Literature and literary theory play as significant a role in Mehldau's artistic and personal growth as his musical journey has done. Whilst clearly important to the author in order to explain his development as both an artist and as a human being, the narrative around the influence of literary figures such as Thomas Mann or James Joyce, for example, often gets bogged down in dense, high-falutin' academic speak that may tempt a little page-skipping here and there.

Perhaps more revealing—and certainly more fun—are Mehldau's recollections of the New York jazz scene in the '80s, playing for tips, wood-shedding and forging musical bonds with Larry Grenadier, Jorge Rossy and Joshua Redman. Given how permanently stoned Mehldau seemed to be, it is a wonder that his recall of those times is as good as it is.

With a fair few of the old pioneers of modern jazz still around at the time, Mehldau describes his generation's struggle between feeling the need to respect the tradition and the urge to say something personal within the idiom. In that sense, Mehldau's story is the story of most jazz musicians throughout the past century.

Just as Bill Frisell talks about a recurring dream of perfect music in Philip Watson's acclaimed Frisell biography, Beautiful Dreamer (Faber & Faber, 2022), Mehldau also describes the gap/the bridge between dreams, reality and creativity.

"The dream and reality stand apart, but they're wrapped into each other at the same time.
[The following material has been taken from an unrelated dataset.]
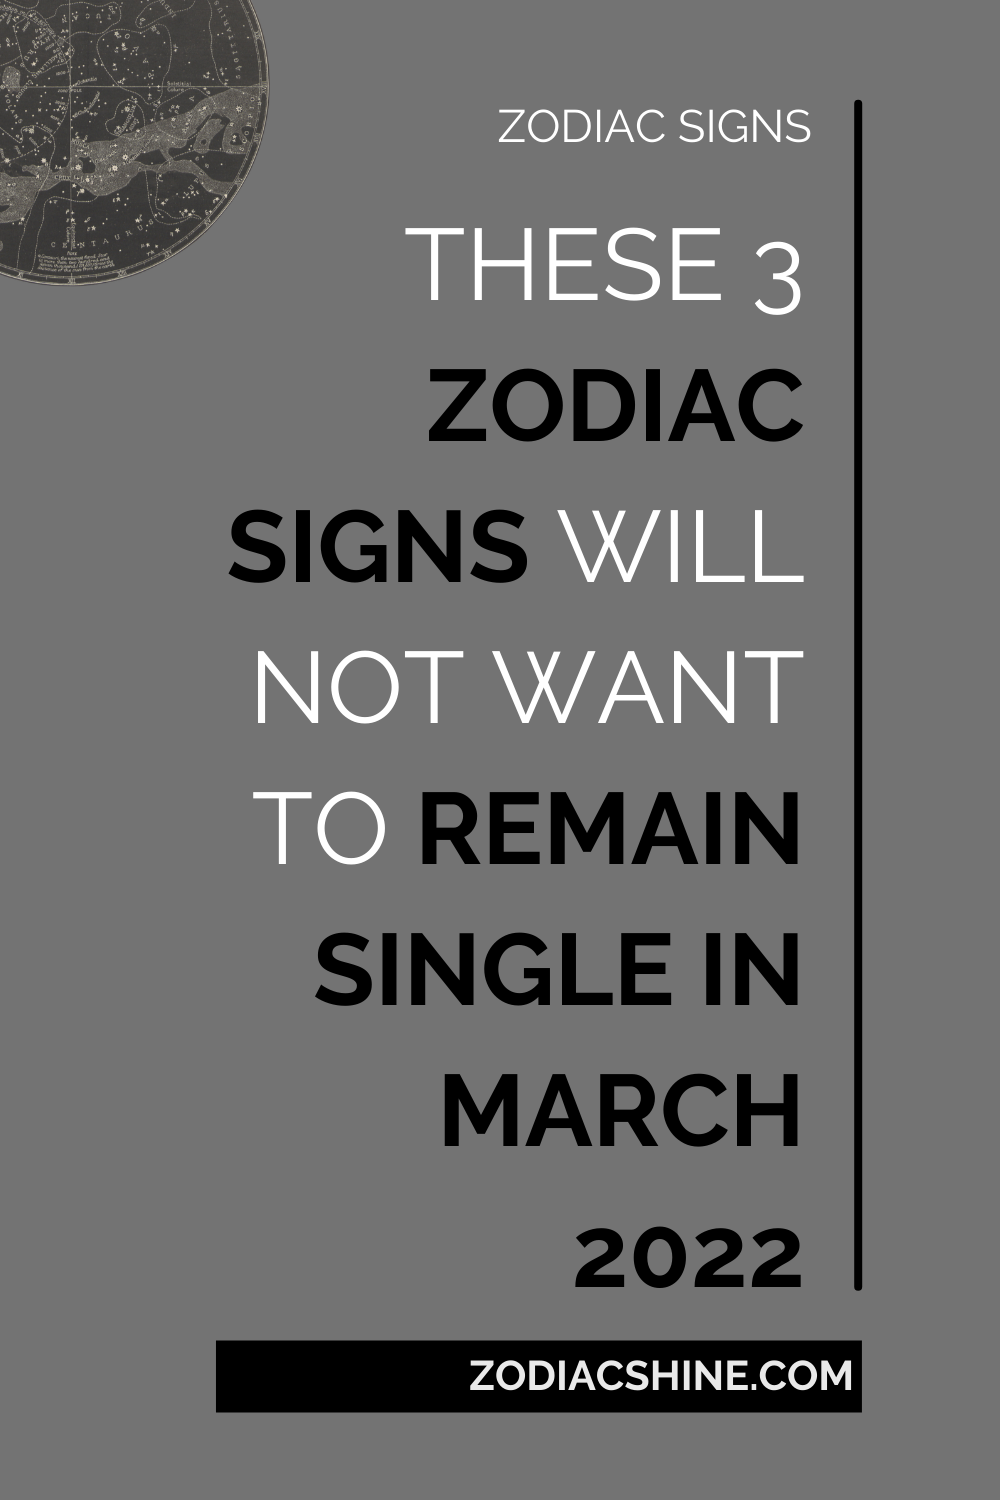 These 3 Zodiac Signs Will Not Want To Remain Single In March 2022
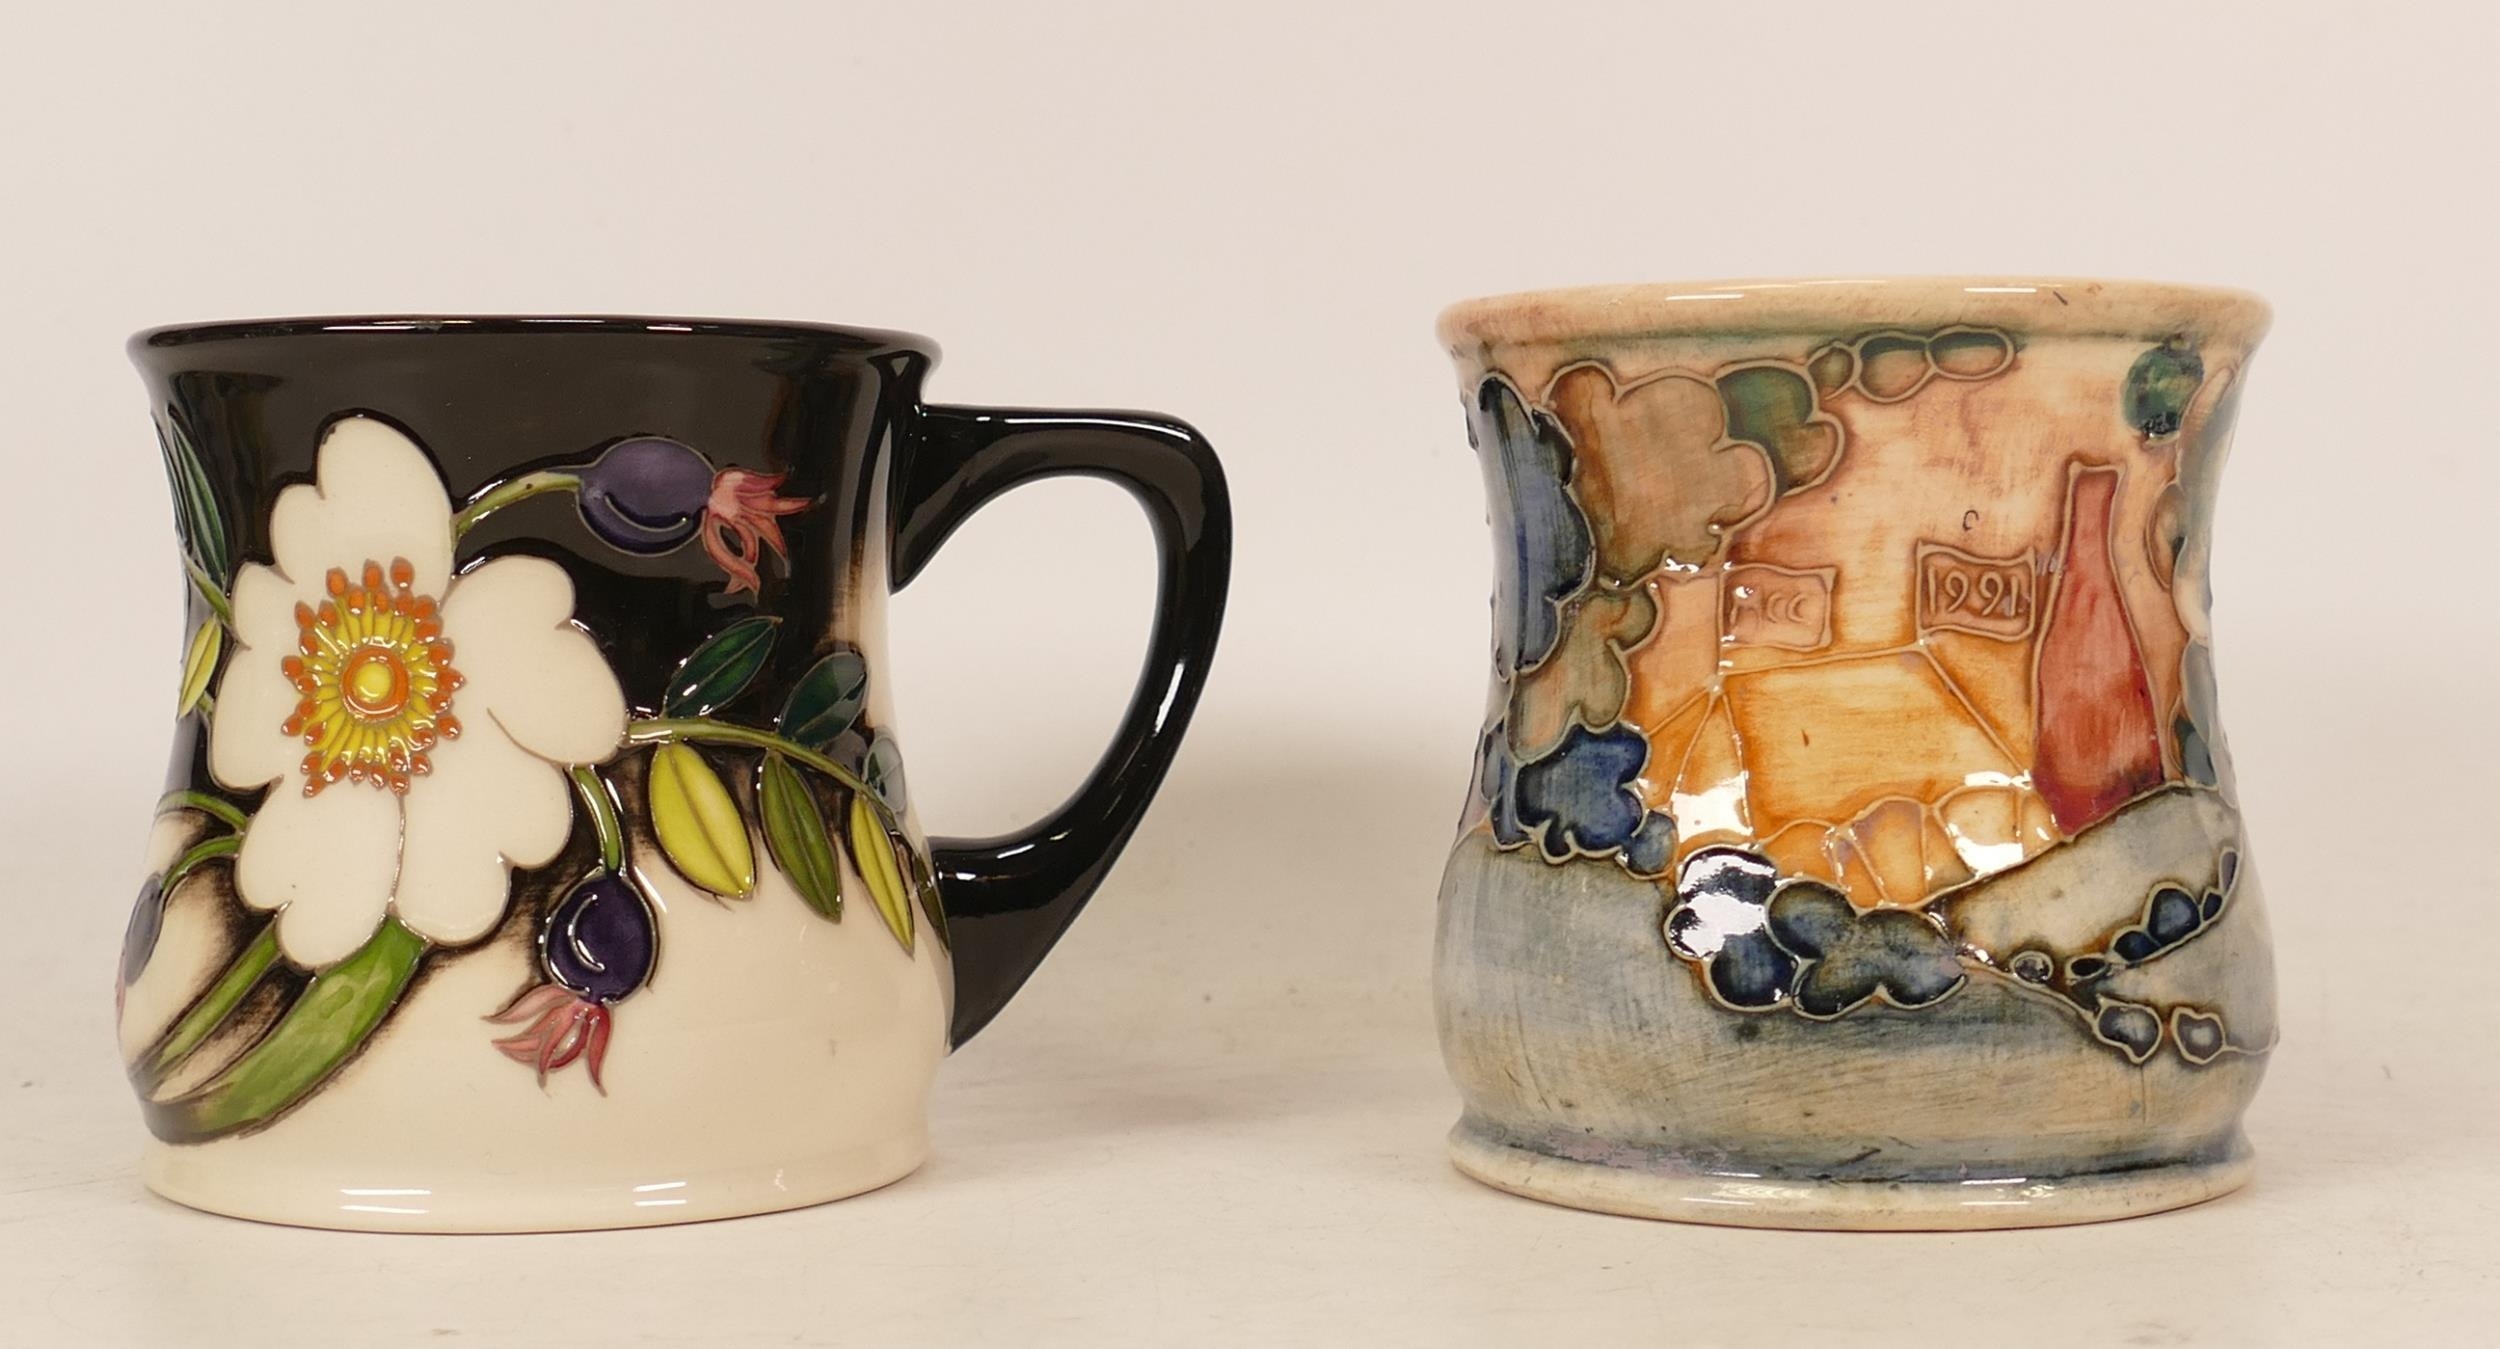 Moorcroft mug of the year 1991 and Moorcroft mug decorated with white flowers and berries, boxed (2)

Music is not so much the gift itself, but the slow, endless unwrapping of it, and a hint of what might be under the wrapping."

After unwrapping Formation..., the allegory-infused Mehliana: Taming The Dragon (Nonesuch, 2014), perhaps the most stylistically unique album in Mehldau's discography, can be seen in an entirely new light.

Less scholarly—and more formulaic—biographies of Mehldau will no doubt eventually see the light of day, but only Mehldau himself could have delivered a story so confessional, so searingly honest, that the very writing of it must have proven cathartic. A self-portrait of a major artist that is revealing and frustrating, in roughly equal measure.